Meet Paloma, an Adelaide based artist breaking boundaries and starting conversations about periods with her work, armed with red nail polish and glitter.
Stemming from her interest in everyday objects like toothbrushes and razors, Paloma says she “started to become really interested in like tampons and pads [which can] be seen as quite a confronting object but yet its probably the cleanest object ever and its not really that confronting when you genuinely think about it”.
“I just thought it was a cool object to work with because it would just evoke conversation”, and bring awareness to menstrual inequalities, which is exactly what it has done.
Starting with experiment with her new medium, Paloma started working with just plain tampons before deciding to add red nail polish to “highlight stereotypes of females”, which got people talking because of the resemblance to bodily fluids.
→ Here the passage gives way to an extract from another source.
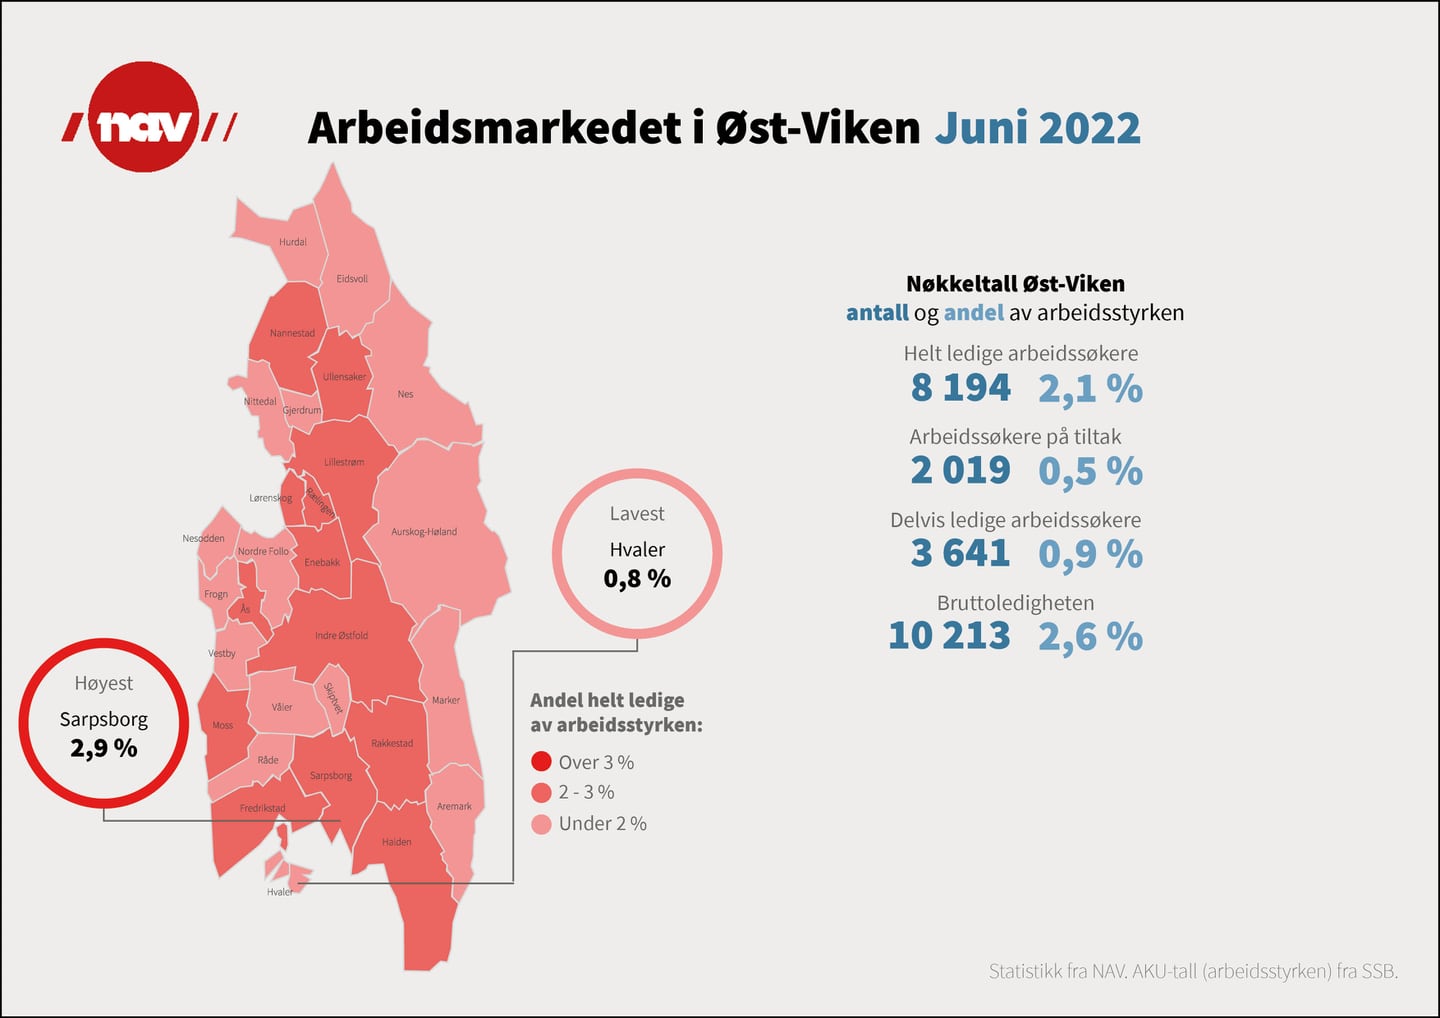 Infografikk med nøkkeltal for arbeidsmarkedet i Øst-Viken ved utgangen av juni 2022.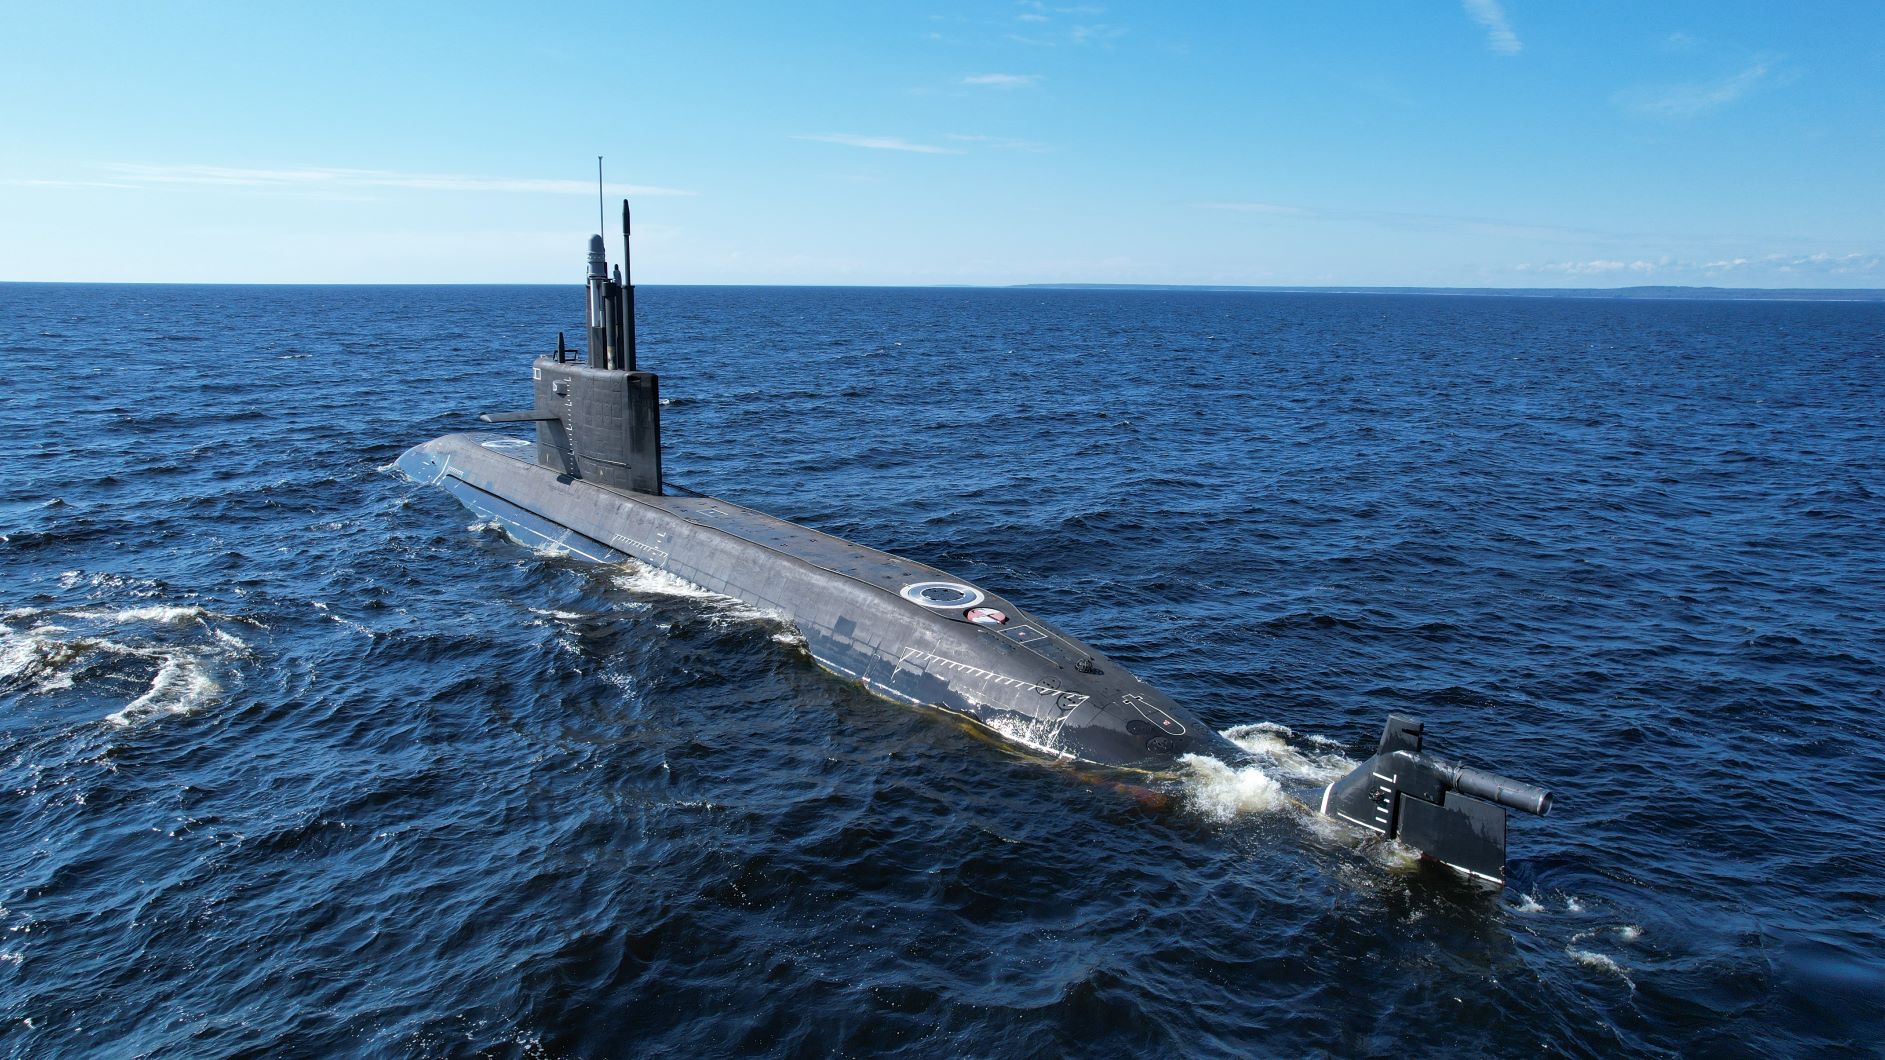 Подводная лодка проекта 677

Abstracting bodily fluids by adding glitter, made her work easier to look at, helping more people to feel comfortable with being confronted by the subject.
If you know me at all or have read anything on my blog, you’ll know without me saying anything that I’m completely obsessed with what Paloma is doing – and I’m not the only one.
That’s not to say the reaction hasn’t been mixed, Paloma has found it very interesting to see the male and female perspectives and also the generational element in peoples reactions.
Lots of elderly people have been very confronted by it, as well as some males, making comments like “what the hell this is so weird why are you doing this”.
But male reactions haven’t been only negative, Paloma says, “one guy who messaged me recently like ‘this is so cool, i love what you’re doing'”.
Mixed reactions have come from women too, Paloma says that “lots of females don’t even say anything”, but has received a lot of compliments in person from females.
As for what’s next, Paloma is currently working on a installation as a collaboration with her photography and period art, displaying heaps of pads and undies along with images shes taken of people interacting with them, all on a pink wall.
By photographing people with the pads over their mouths to represent the unspoken issue of menstrual inequality, as part of her installation, Paloma hopes she will continue to bring awareness to women who cannot access menstrual products.
Through her work, Paloma hopes to not only start and continue conversations around periods, but also get people more comfortable with the idea of periods.
This is already starting to happen, the more she posts about it, the more comfortable people seem to be.
Continuing on, she hopes to continue to break down barriers around periods, especially for men, which she hopes will stop girls from feeling judged by the male perspective on periods.
While it’s not hard to see why periods freak men out, they’ve never experienced or had to deal with it making it such a foreign concept, breaking down those ideas and starting conversations that lead to more understanding around periods will help to remove the shame associated with having a period.
Just from sitting down with Paloma for twenty minutes, you can see how passionate she is about making a difference for people with periods all over and I have absolutely no doubt that her art is and will continue to do this!